Department of Gastroenterology, Nara Medical University, Kashihara, Nara 634-8521, Japan.
Department of Gastroenterology, Nara Medical University, Kashihara, Nara 634-8521, Japan.
Biochim Biophys Acta Mol Cell Res. 2024 Feb;1871(2):119649. doi: 10.1016/j.bbamcr.2023.119649. Epub 2023 Dec 12.

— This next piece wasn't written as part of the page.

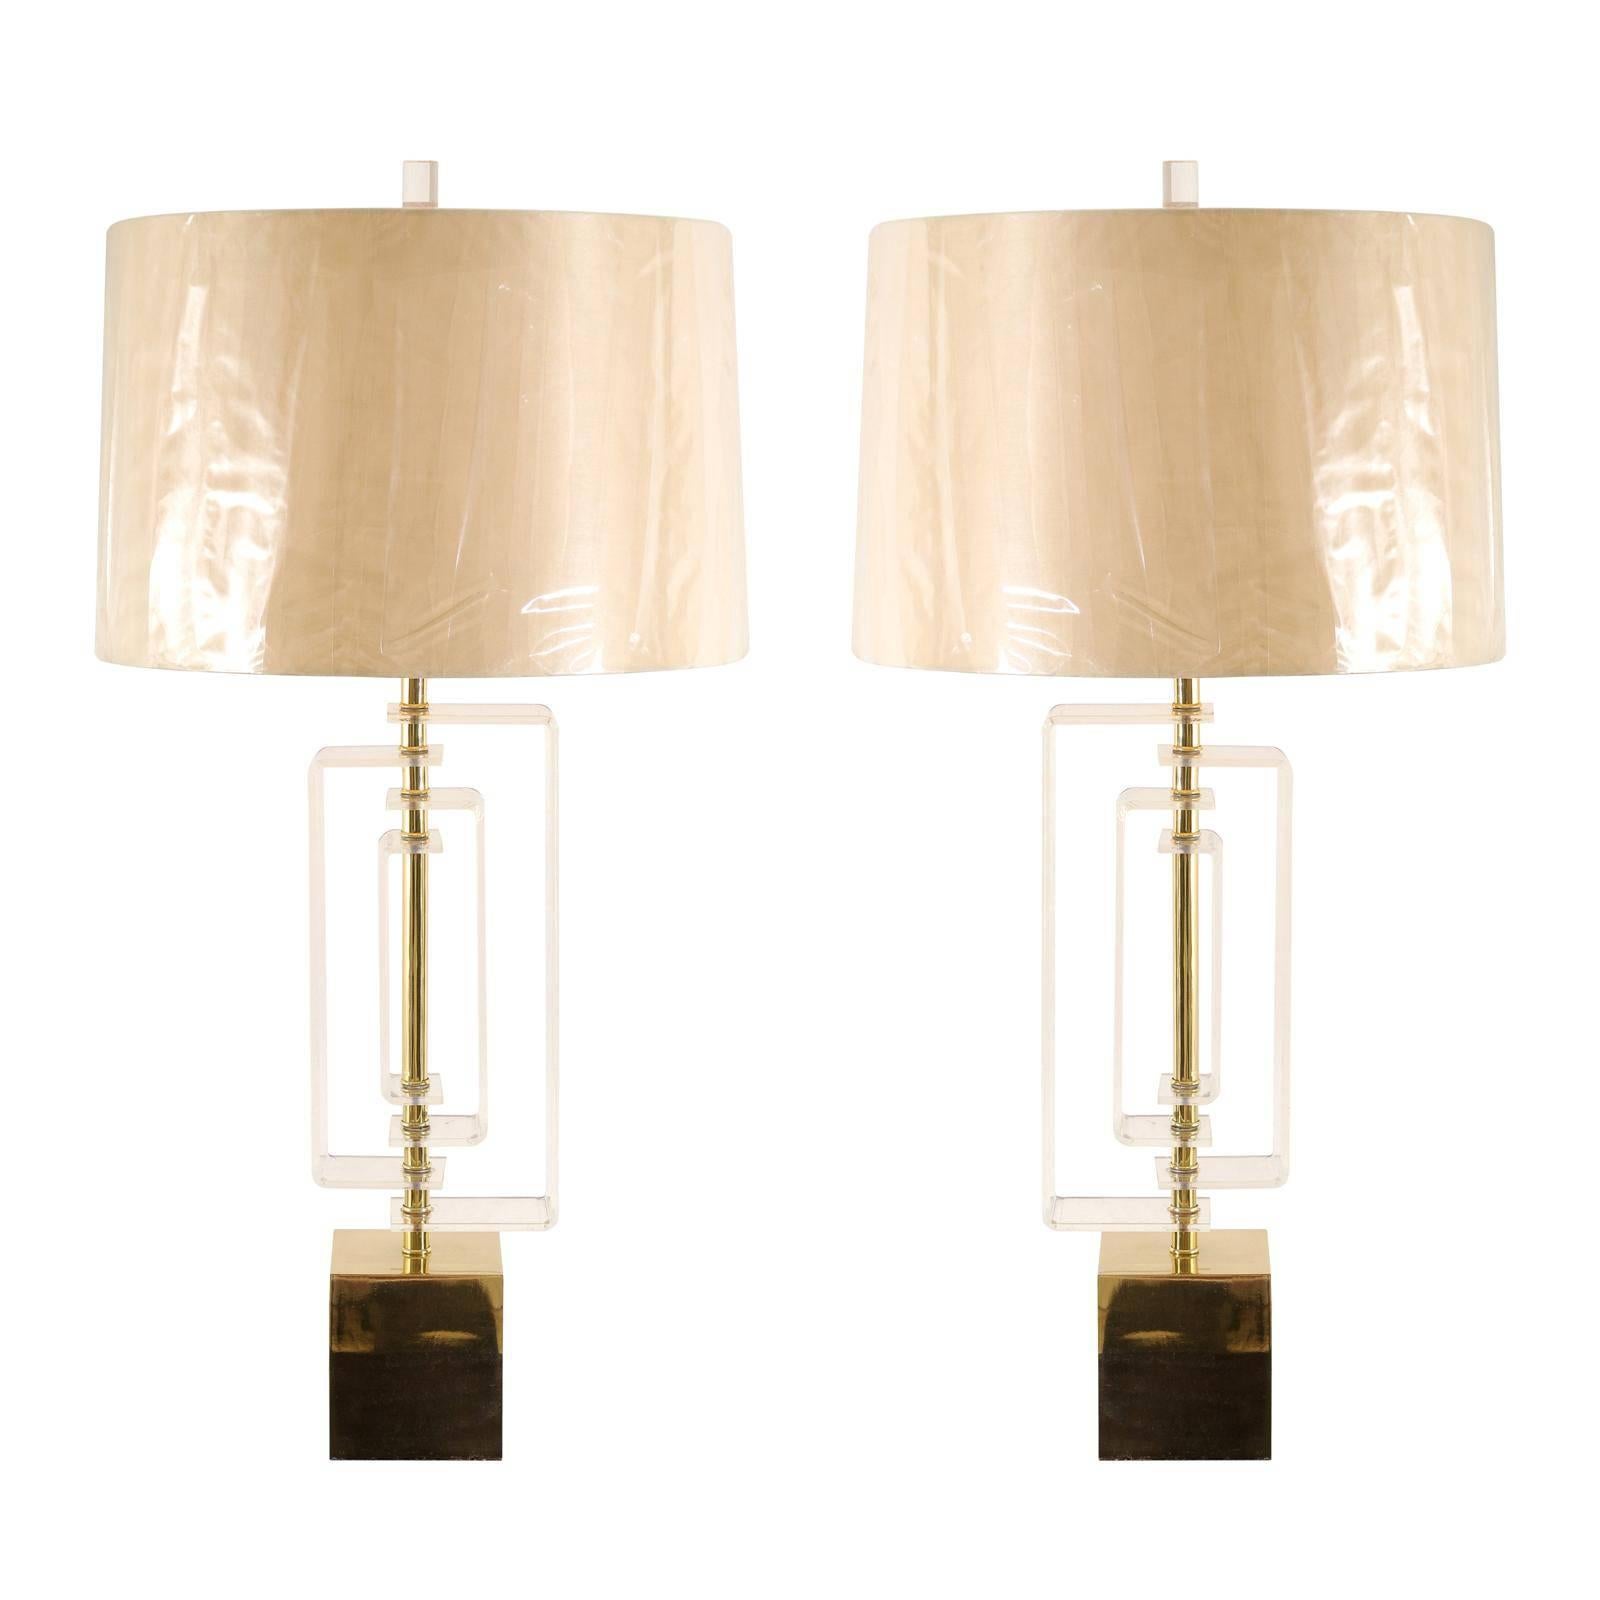 Restored Pair of Vintage Lucite and Brass Lamps by Laurel

Sarcopenia is associated with mortality in patients with nonalcoholic steatohepatitis (NASH). Angiotensin II receptor blocker (ARB) has been suggested to prevent sarcopenia, but reports on its effect on NASH-derived skeletal muscle atrophy in conjunction with insulin-like growth factor 1 (IGF-1)-mediated muscle homeostasis are few. Our aim was to examine the combined effect of the ARB losartan and IGF-1 replacement on skeletal muscle atrophy in a methionine-choline deficient (MCD) diet-fed murine steatohepatitis model. The MCD-fed mice developed steatohepatitis and skeletal muscle atrophy, as indicated by the reduction of psoas muscle mass and attenuation of forelimb and hindlimb grip strength. Significantly suppressed steatohepatitis and skeletal muscle atrophy was observed after single treatment with ARB or IGF-1, and these effects were augmented after combination treatment. Treatment with ARB and IGF-1 effectively inhibited ubiquitin proteasome-mediated protein degradation by reducing forkhead box protein O1 (FOXO1) and FOXO3a transcriptional activity in the skeletal muscle. Combined ARB and IGF-1 decreased the intramuscular expression of proinflammatory cytokines (i.e., TNFα, IL6, and IL1β) and increased the Trolox equivalent antioxidant capacity and antioxidant enzymes (CAT, GPX1, SOD2, and CYTB). This antioxidant effect was based on downregulation of NADPH oxidase (NOX) 2, normalization of mitochondrial biogenesis and dynamics. Moreover, ARB increased the hepatic and plasma IGF-1 levels and improved steatohepatitis, leading to enhanced skeletal muscle protein synthesis mediated by IGF-1/ AKT/ mechanistic target of rapamycin signaling. Collectively, combined ARB and IGF-1 replacement could be a promising new therapeutic target for NASH-derived skeletal muscle wasting.
肌肉减少症与非酒精性脂肪性肝炎(NASH)患者的死亡率相关。血管紧张素 II 受体阻滞剂(ARB)已被提议用于预防肌肉减少症,但关于其对 NASH 相关骨骼肌萎缩与胰岛素样生长因子 1(IGF-1)介导的肌肉动态平衡的影响的报告很少。我们的目的是在蛋氨酸-胆碱缺乏(MCD)饮食喂养的鼠脂肪性肝炎模型中检查 ARB 氯沙坦和 IGF-1 替代治疗对骨骼肌萎缩的联合作用。MCD 喂养的小鼠发生脂肪性肝炎和骨骼肌萎缩,表现为腰大肌质量减少和前肢和后肢握力减弱。ARB 或 IGF-1 的单一治疗可显著抑制脂肪性肝炎和骨骼肌萎缩,并且这些作用在联合治疗后增强。ARB 和 IGF-1 的联合治疗通过降低骨骼肌中叉头框蛋白 O1(FOXO1)和 FOXO3a 的转录活性有效抑制了泛素蛋白酶体介导的蛋白降解。联合 ARB 和 IGF-1 降低了肌肉内促炎细胞因子(即 TNFα、IL6 和 IL1β)的表达,并增加了 Trolox 等效抗氧化能力和抗氧化酶(CAT、GPX1、SOD2 和 CYTB)。这种抗氧化作用基于 NADPH 氧化酶(NOX)2 的下调、线粒体生物发生和动力学的正常化。此外,ARB 增加了肝和血浆 IGF-1 水平并改善了脂肪性肝炎,从而增强了 IGF-1/AKT/雷帕霉素靶蛋白信号介导的骨骼肌蛋白合成。总之,ARB 和 IGF-1 的联合替代可能是 NASH 相关骨骼肌消耗的有前途的新治疗靶点。